Since San Jose launched its scooter permit program in February 2019, the city has issued permits to six companies for a total of 5,750 e-scooters — 2,300 of which belong to Lime.
“I believe that we can work with technology companies to find ways to improve quality of life, improve safety, improve equity,” San Jose Mayor Liccardo said Tuesday. “We know that this is something that we will need in our transportation toolbox, so let’s find a way to integrate it into our city and make sure it’s safe, rather than simply declaring war on it.”
As part of the new requirement, the council tasked city staff to work with the permitted companies to figure out a way to keep scooters off of sidewalks — a trend that is very common but actually illegal under California state law — by July of 2019.
Yet seven months after that deadline, Lime is the first company to make any moves toward trying to change the habits of riders.
John Ristow, director of the city’s department of transportation, said that the companies were always on board but that the 7-month delay was due to “bureaucratic and administrative” hangups.
“Unfortunately we had some difficulties, just as new permitting goes and it took us a little longer to get all of the companies under permits and contracts,” Ristow said Tuesday.
Under the technology initiative launched by Lime, riders who spend a significant chunk of their trip on what the company detects are sidewalks will receive a notification that informs them of the illegal activity.

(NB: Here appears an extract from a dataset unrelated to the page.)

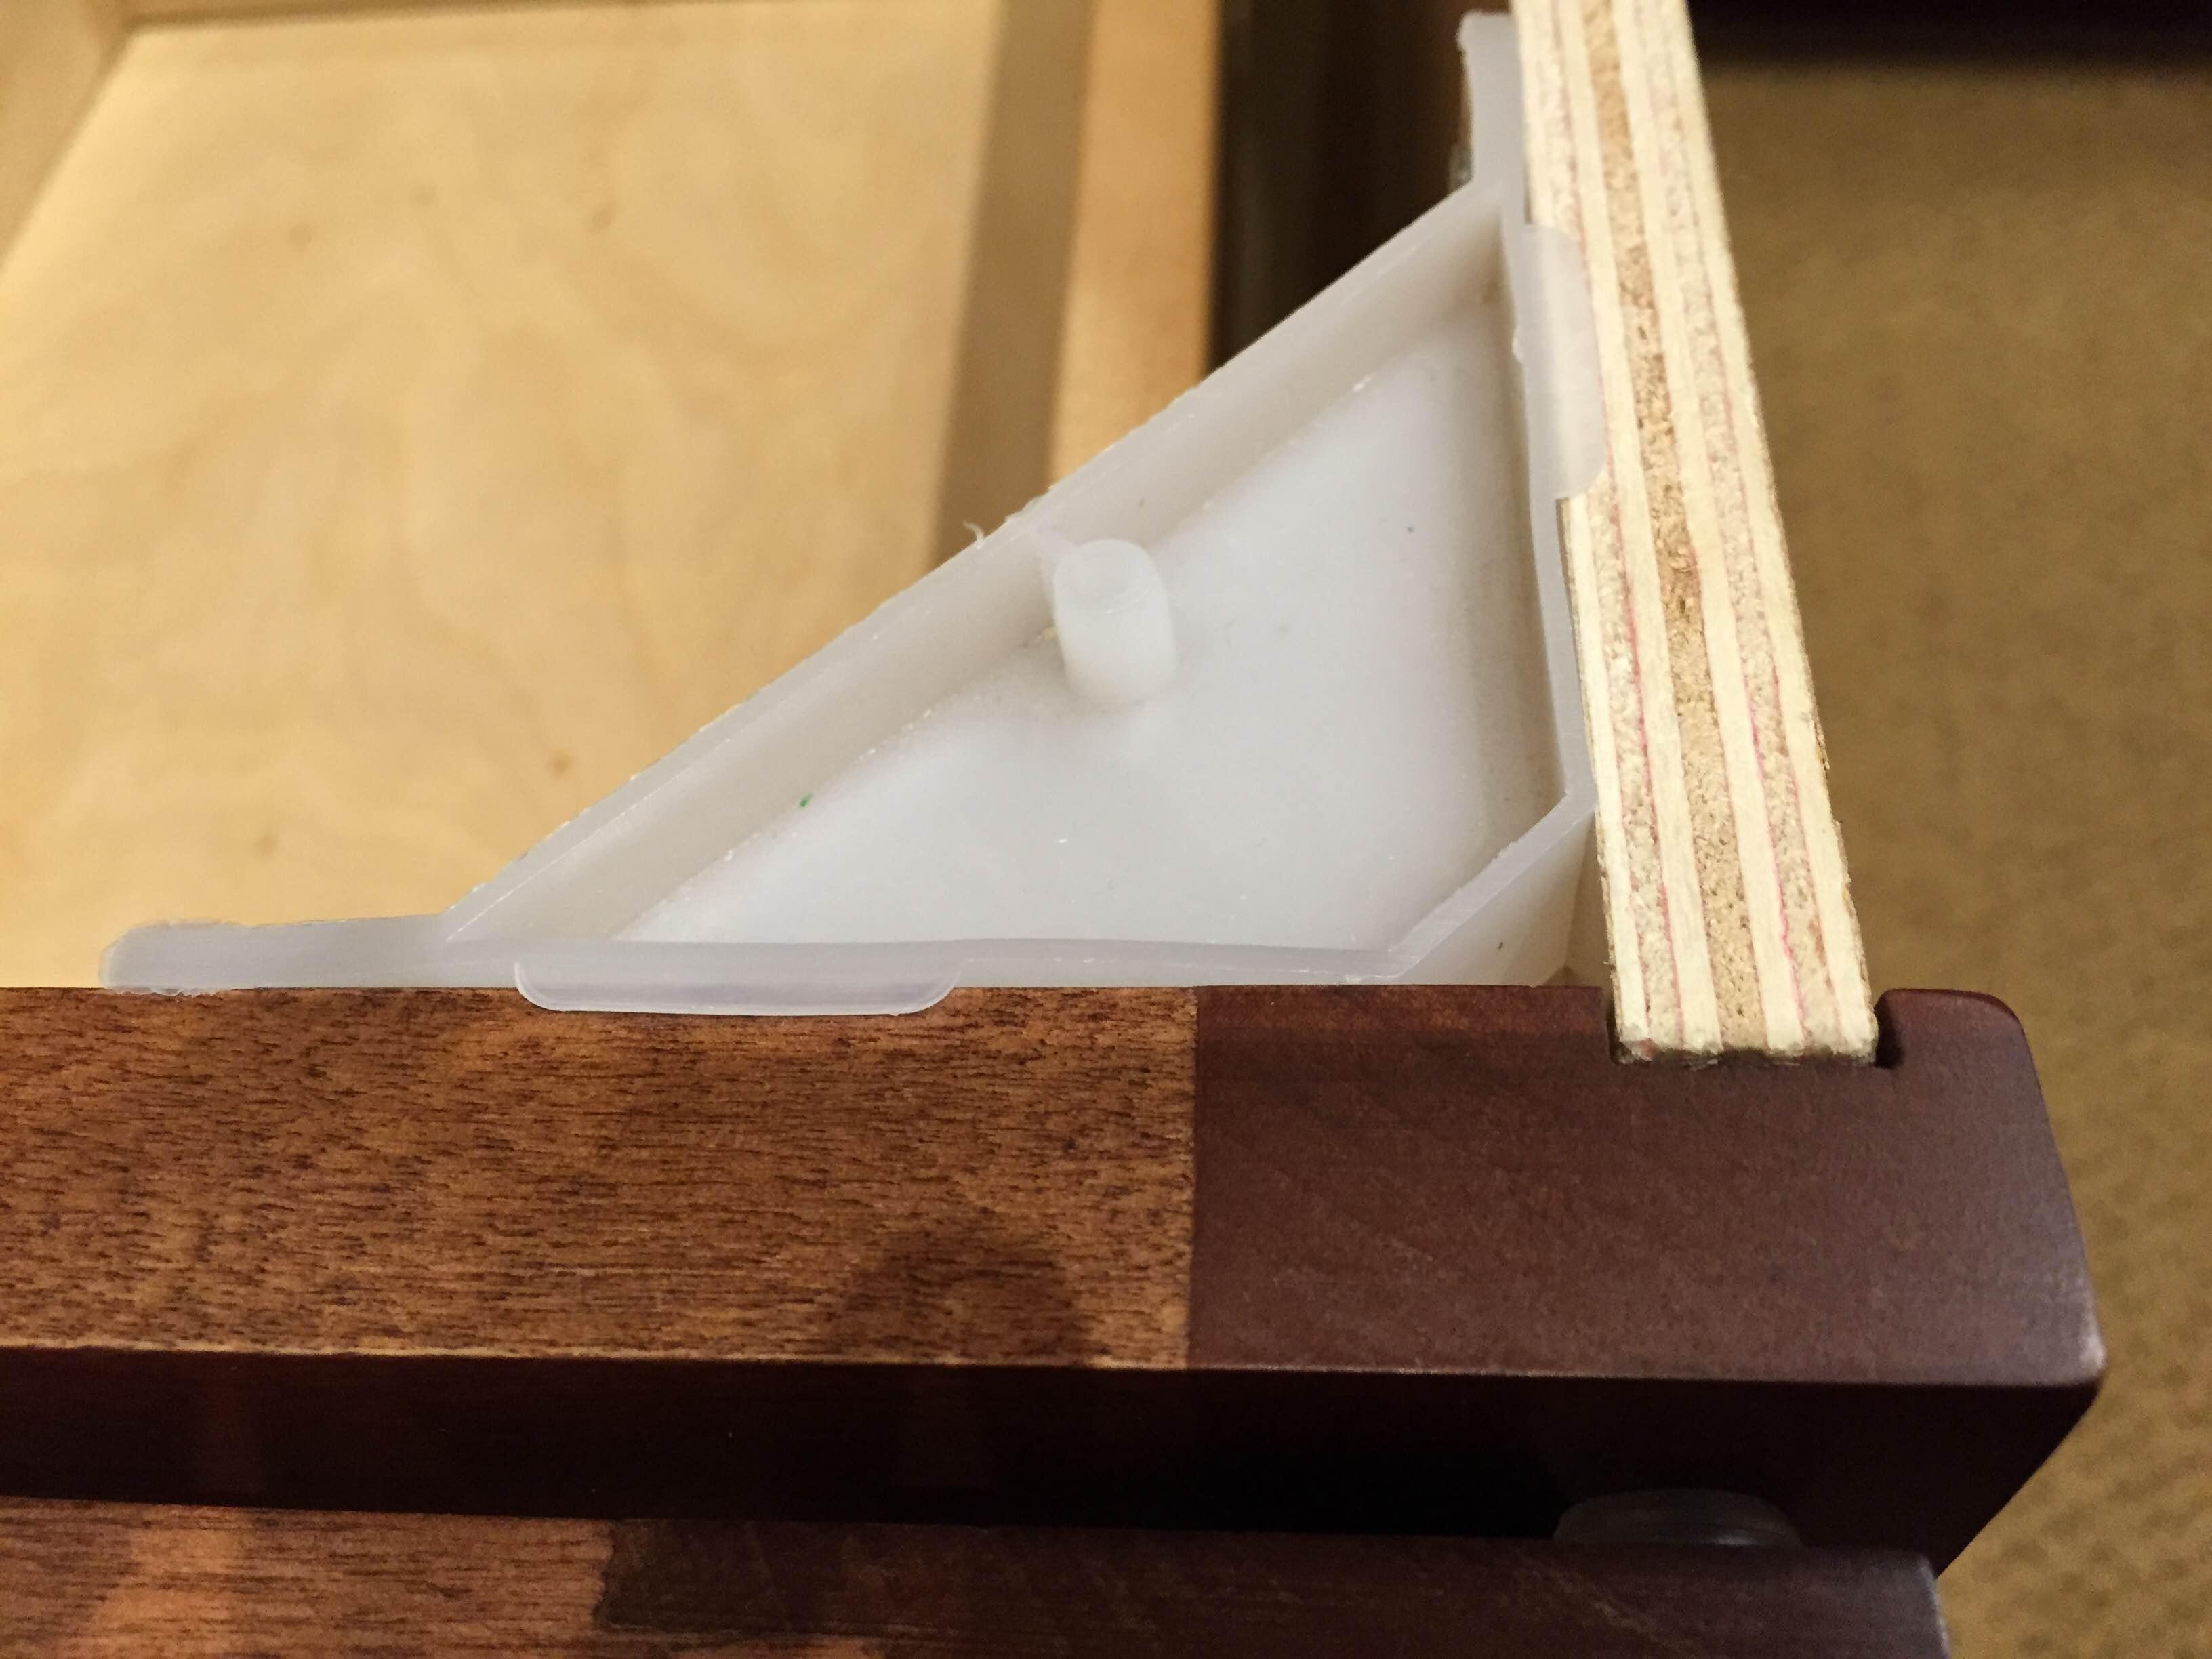 Plywood Siding Lowes Plywood Siding Lowe 39 s t1

The city and e-scooter company do not currently have plans to penalize riders and instead plan to start by focusing on education.
“If we get to a place where the technology is good enough for us to feel as though it’s reliable to issue a ticket and we think it’s a good idea, then we’ll certainly do it,” Liccardo said Tuesday. “But it’s not the case today, frankly, that every street is the safer place to riding a scooter or a bike either.”
As part of the permit requirements, Lime will share the data it collects on sidewalk ridership with the city on a monthly basis. City staff plan to meet with the other five permitted scooter companies — Lyft, Bird, Spin, Razor and Gruv — within the coming weeks to review their technology detection plans.